According to a report by Statistics Korea [5], the number of marine aquaculture workers decreased from 6236 in 2011 to 5524 in 2019, as shown in Table 1, and most of the aquaculture workers are over 60 years old, resulting in a severe labor shortage [5]. By introducing ICTs (Information and Communications Technologies) into the marine aquaculture industry, labor-intensive primary industries can be transformed into IT industries, enhancing competitiveness. Traditional aquaculture processes rely heavily on visual observations by managers, making them highly dependent on subjective experience and requiring significant time and labor to digitize the observed results.

Modern aquaculture mainly relies on sensors to acquire information about fish species, which is vast and complex, making it difficult to fully utilize. However, computer vision technology, based on image processing, pattern recognition, and artificial intelligence, is gradually advancing and can be widely applied in areas such as fisheries resource research, aquaculture, processing, and rare species protection through non-contact observation techniques [6]. Using computer vision technology to study underwater images of fish can enhance operational efficiency, refine data for aquaculture, optimize water quality, and achieve high production efficiency. Furthermore, this technology, combined with artificial intelligence, can enable intelligent task processing.

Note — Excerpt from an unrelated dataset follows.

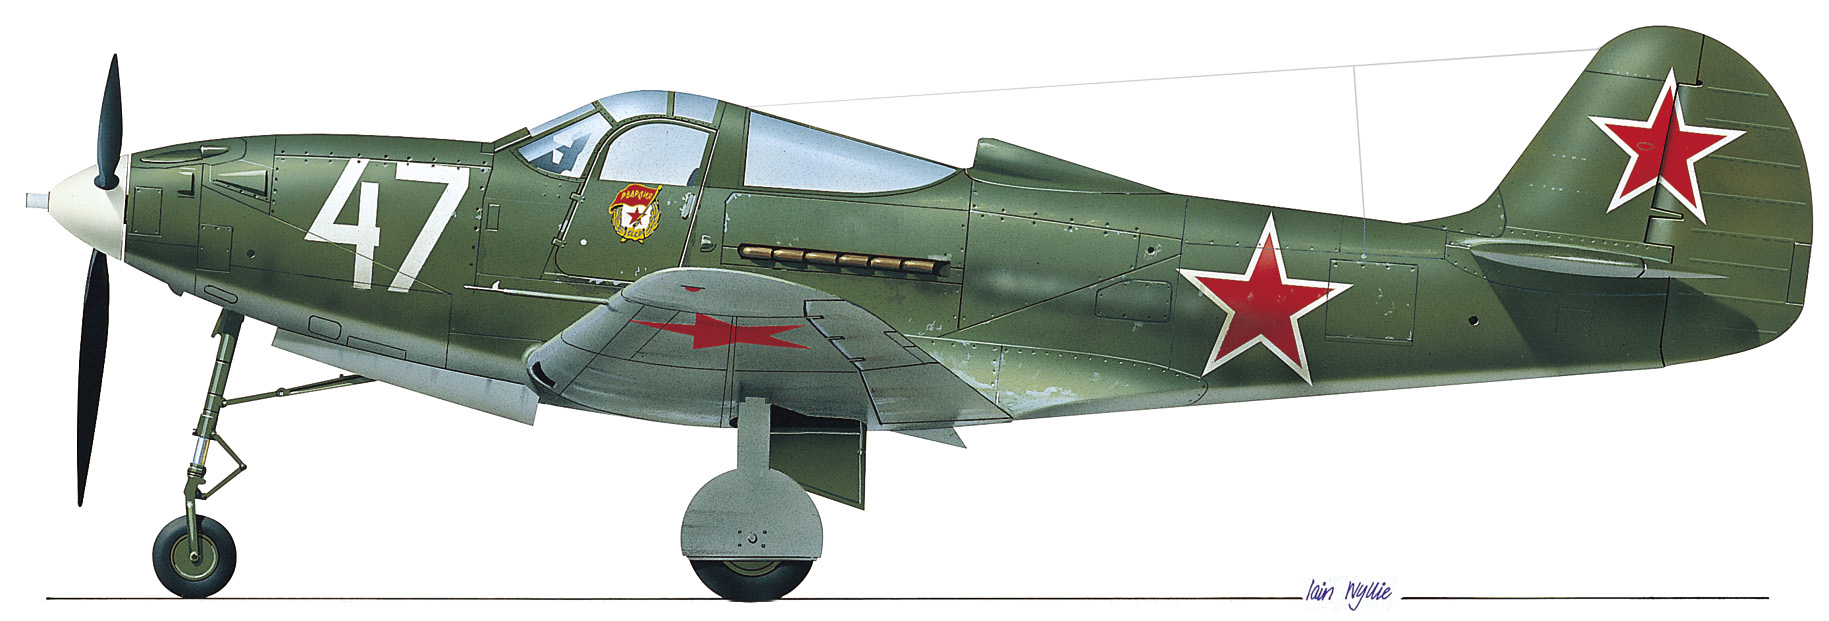 Sporting Red Air Force markings, this P-39 Airacobra is typical of the approximately 5,000 such fighters supplied to the Soviets during the Lend-Lease program by way of Alaska.

Previous research has explored various approaches to fish detection and tracking. For instance, Chuang et al. proposed a feature learning and object recognition framework for underwater fish images [7], Sadeghian et al. studied methods to track multiple cues with long-term dependencies [8], Wang et al. conducted research aimed at real-time multi-object tracking [9], and Yu et al. explored object detection through deep layer aggregation [10]. And Vishnu Kandimalla et al. conducted a study that integrated YOLOv3 and Mask-RCNN and YOLOv4 and Norfair tracking algorithms to track fish in video data. This integrated system continuously tracks the migration of the fish and is optimized to maintain high performance, especially in low-frame-rate video [11].

These studies have contributed to improving the efficiency of fish detection and tracking using computer vision and artificial intelligence technologies.

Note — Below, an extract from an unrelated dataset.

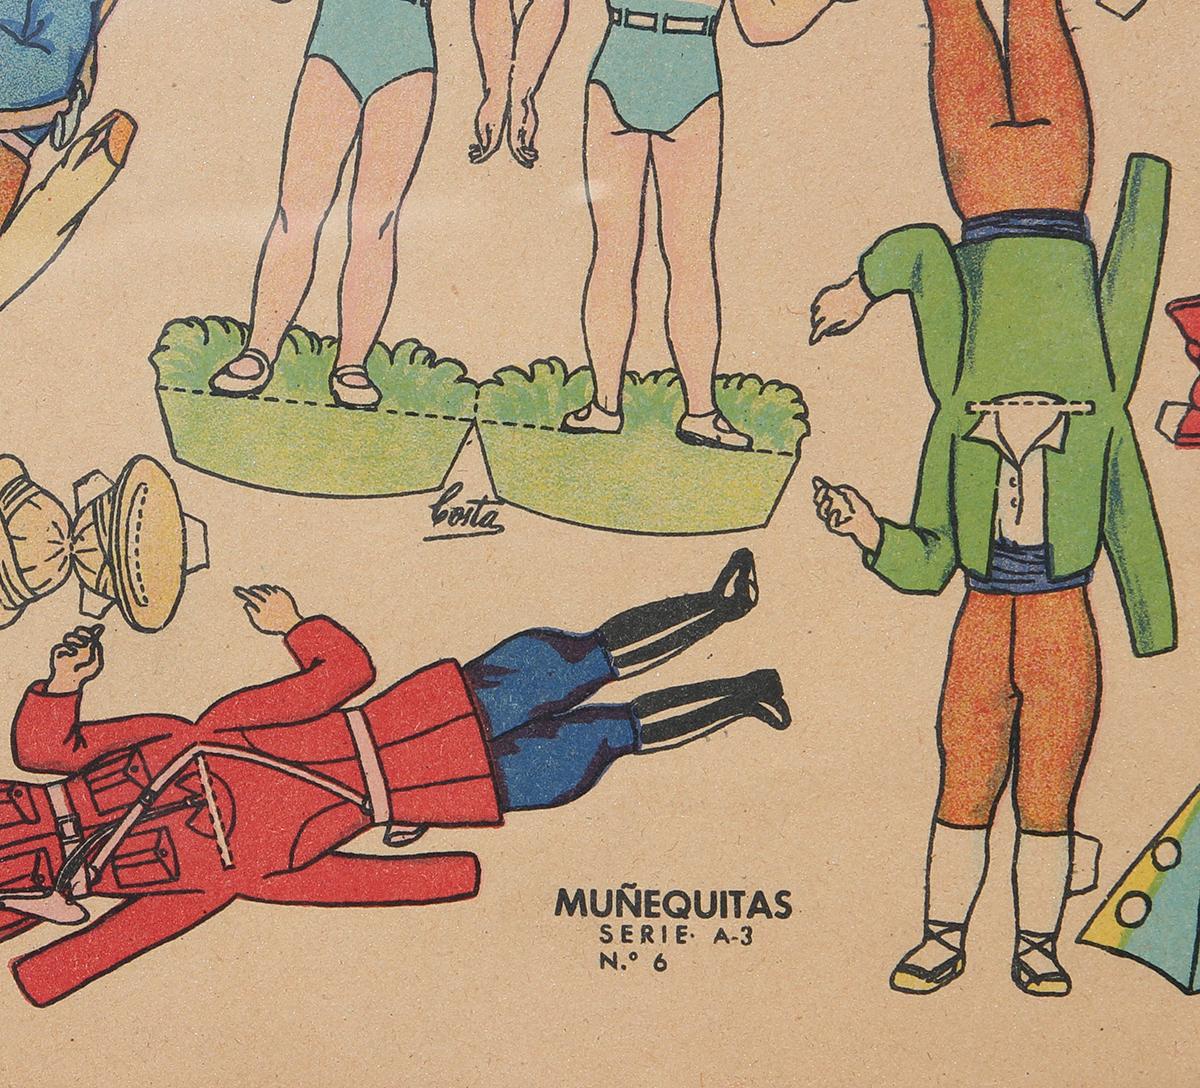 Colorful retro paper doll boy with various costumes by Kiki Recortables of Barcelona. The piece features a variety of costumes including a clown, a gladiator, a cowboy, and more. Titled

The purpose of this study is to efficiently detect and track underwater fish using Multiple Object Tracking (MOT) technology. To achieve this, we constructed a dataset focusing on rock bream, which is popular in Korean aquaculture, and utilized underwater video data collected from the internet in five different environments. The dataset was divided into Train and Test sets for training and evaluation. Each frame was labeled with the target fish object ID using the DarkLabel tool. Additionally, the FairMOT model was used to simultaneously implement pixel-level object detection and re-identification (Re-ID) functionality. We compared and analyzed two backbone models: FairMOT+YOLOv5s and FairMOT+DLA-34.

2. Material and Methods

In this study, we utilized the FairMOT model to efficiently detect and track underwater fish using Multiple Object Tracking (MOT) [9] technology. The research focused on three main components: Deep Layer Aggregation-34 (DLA-34), YOLOv5, and Fair Multi-Object Tracking (FairMOT). The roles and features of each component are detailed in the sections below.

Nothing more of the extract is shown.